The Notre Dame fourth-down stop actually set the Irish up with their second-best starting field position of the day at their own 30 (among first-half possessions, Notre Dame started at its own 14, 11, 11, 8 and 10).

This time it was Wimbush with the keynote run, a 46-yarder to the Boston College nine. Three plays later Tony Jones Jr. found the end zone for a 21-13 Irish edge.

After a Shaun Crawford interception, Adams ran for 36 yards on first down and Wimbush on the next play found tight end Durham Smythe for 33 more to the Eagle nine. Wimbush’s third TD run pushed the lead to 28-13.

The Irish went four of five on third-down conversions in the third period — after going only three of nine in the opening half. The Eagles converted only twice on third down on their first 13 attempts through three periods.

The fourth quarter was a testament to the Notre Dame rushing attack, as the Irish ran for 183 yards and three TDs in the final period alone (and 297 in the second half).

Wimbush started it less than two minutes into the final stanza with a 65-yard scoring run. Boston College drove 70 yards to make it 35-20.

But Crawford zapped the next Eagle drive with a fumble recovery, and after Wimbush rumbled for 32 yards Dexter Williams took it the final three into the end zone. A second Crawford pickoff set the Irish up at the Eagle 33 — and Williams’ 15-yard run completed the scoring.

“We said we needed to dominate the second half. We needed to show our physicality and take over the football game,” said Kelly after it was over. “It was a classic case of just banging that wall until it crumbled. You had the mental and physical endurance and you broke your opponent.

“I told you a story after Ara Parseghian passed about how his teams would never break — they broke their opponents. You did that today with that mental and physical endurance. You just kept after your opponent play after play after play and that’s what you did.

“That’s a Power 5 team, on the road, and you beat them by 29 points. You should feel good about that win. You had to work for that and you had to sacrifice for that.

“We also have to be critical and look at some of the soft spots along the way and where we need to shore them up. We had a couple of series where we did not have that toughness.

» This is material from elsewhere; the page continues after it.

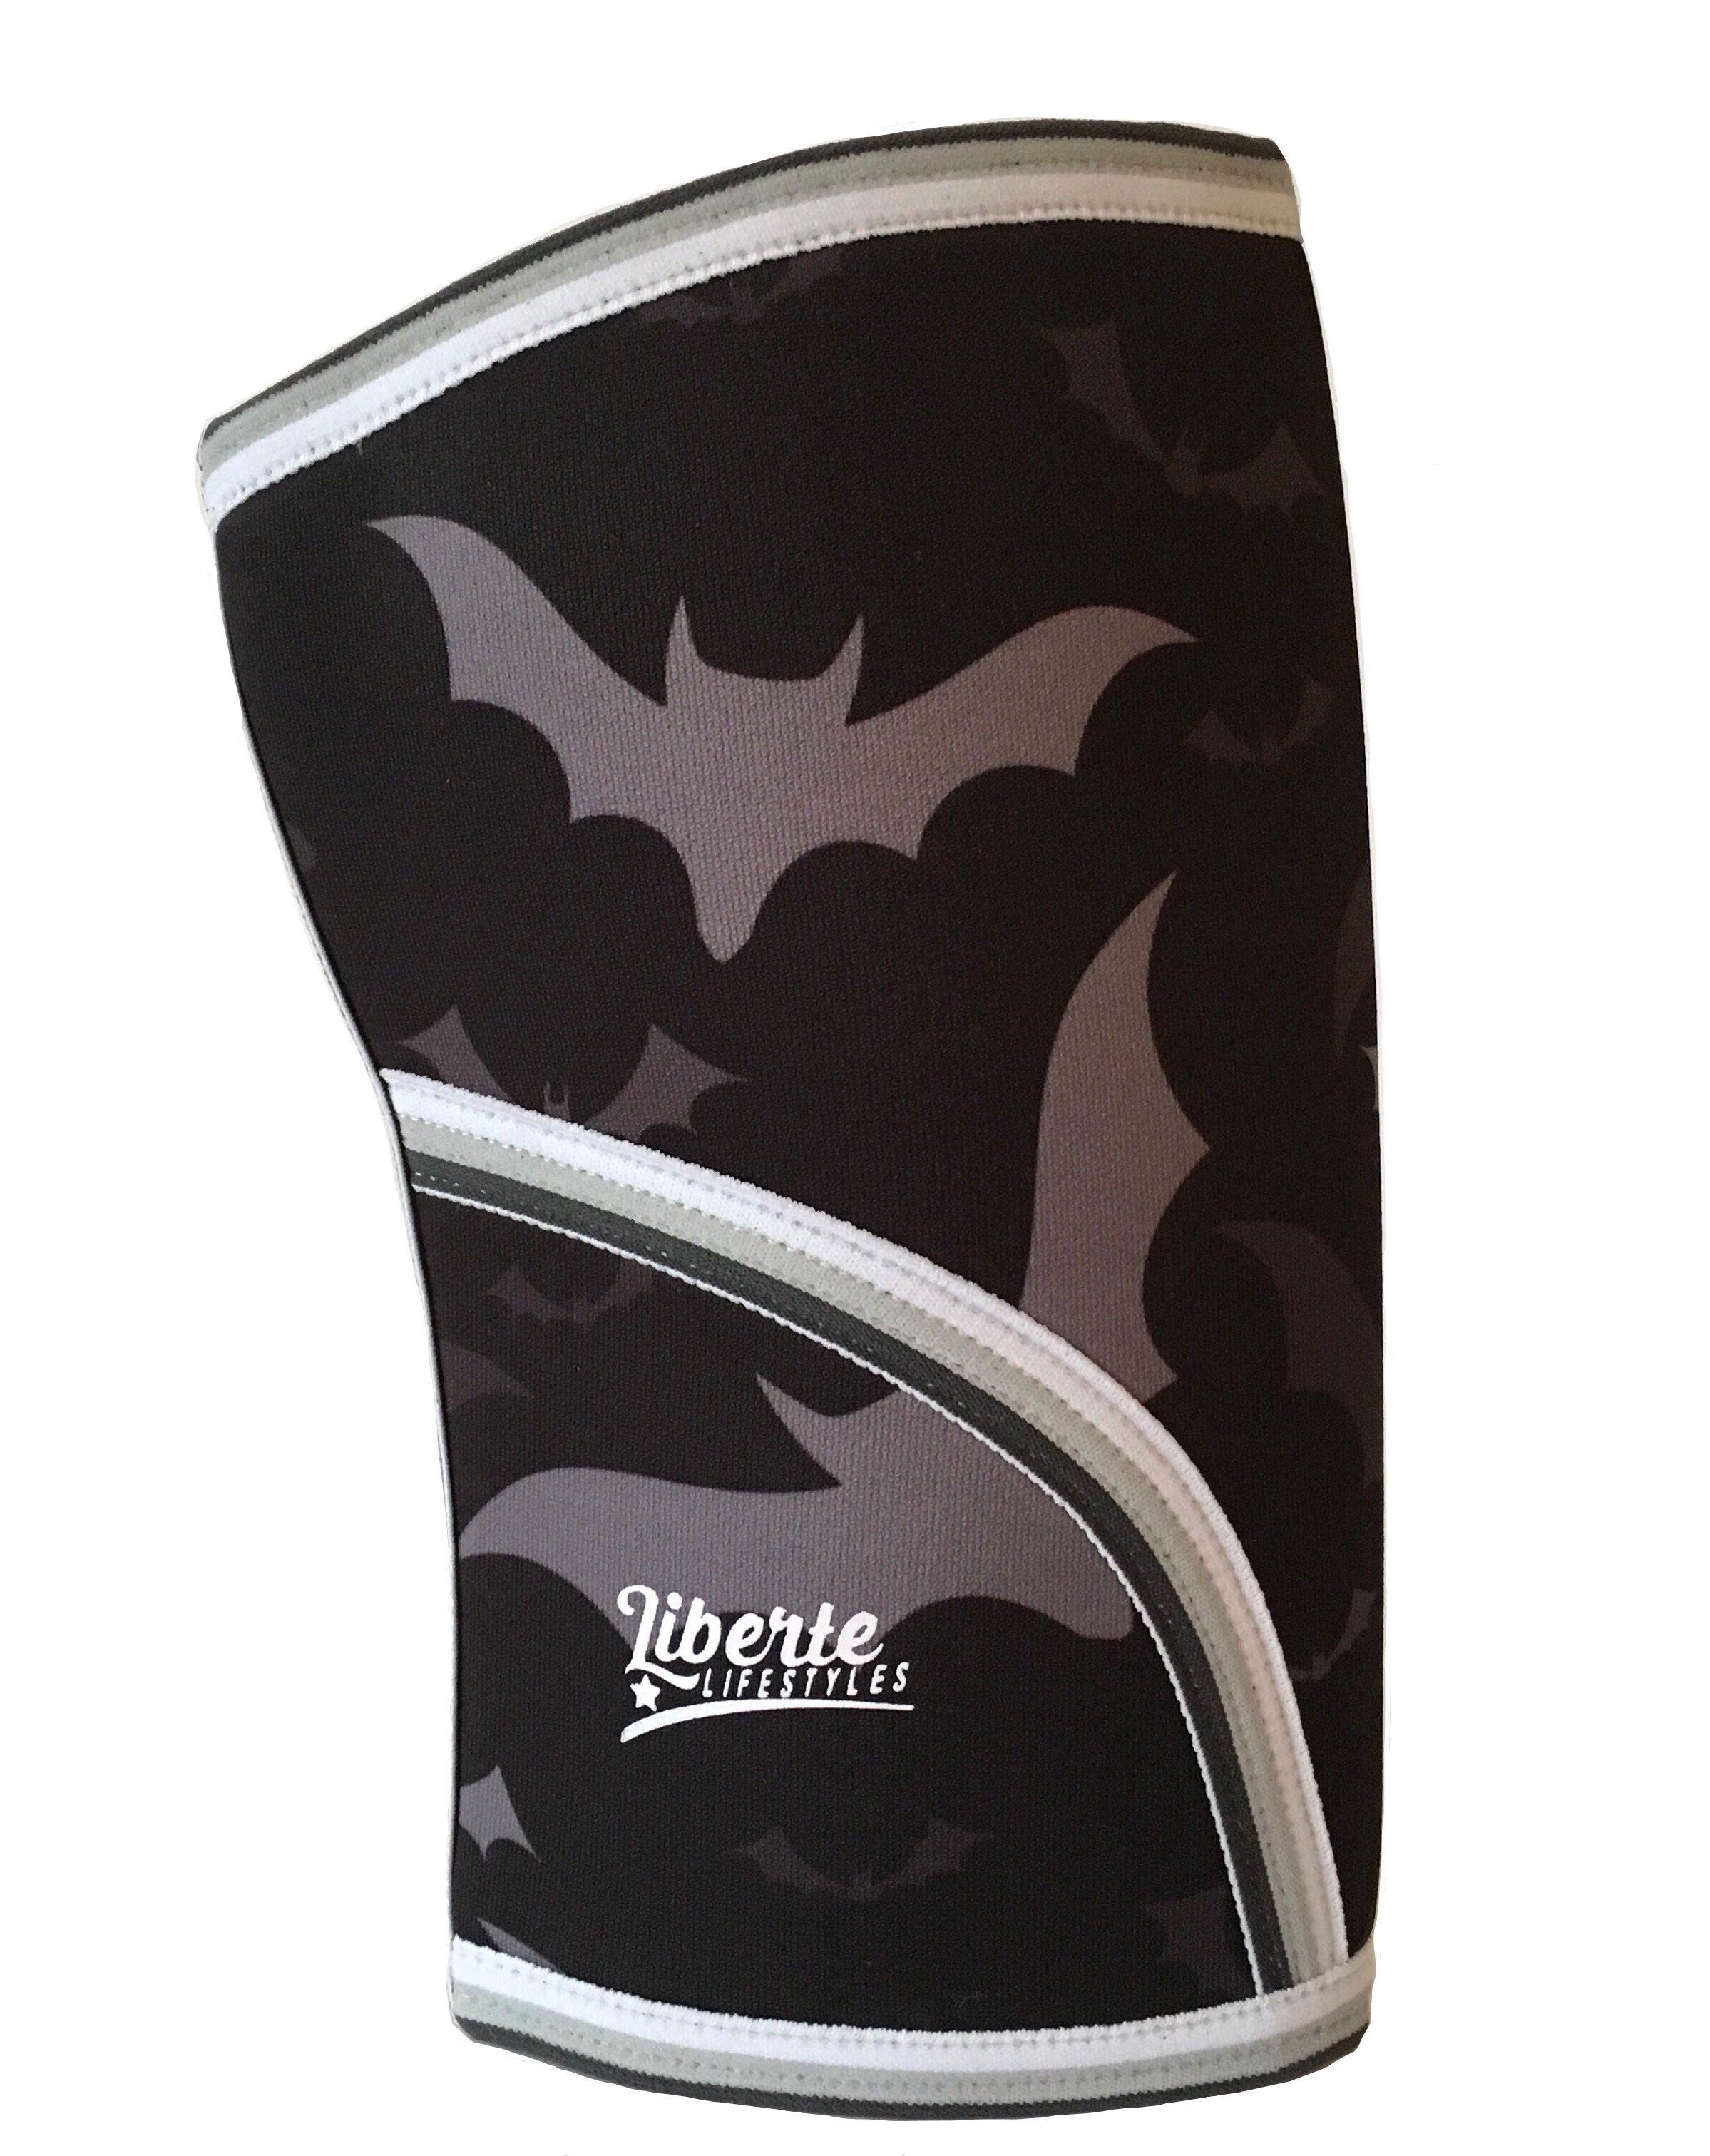 Liberte lifestyles bat print knee sleeves with images

“But when you win on the road you need performances, collective and individual. You need guys who bounce back. We call it grit around here. It’s sustained effort even through adversity.”

The Irish proved a quick-strike team Saturday, requiring an average of just more than five plays on their seven TD drives.

Of Boston College’s eight second-half possessions, only one lasted more than five plays and only one traversed more than 26 yards. By then the Irish ground attack had sent many of the home fans home early.

Never until Saturday had the Irish had two 200-yard rushers in a game (229 by Adams, 207 by Wimbush).

Never had a Notre Dame quarterback run for four scores in a game — and no player had done that since 1984 (Allen Pinkett versus Penn State.)

Wimbush broke the Notre Dame record for rushing yards by a quarterback in a single game, a mark that had stood since 1969.

Notre Dame’s 515 team rushing yards (one short of the most allowed by Boston College in a game) marked its most in one contest since that same 1969 outing against Navy.

The Irish set a record by running for 10.1 yards per carry.

“Did a lot of good things in the game,” said Boston College coach Steve Addazio, a former Irish assistant coach.

“We didn’t stop the run. We did not stop the run. That was a huge deal in that game.”

The Irish are now one quarter of the way through their regular season, and Kelly twice has seen his team win with dominant running efforts.

When it comes to establishing an identity, that’s not a bad way to start.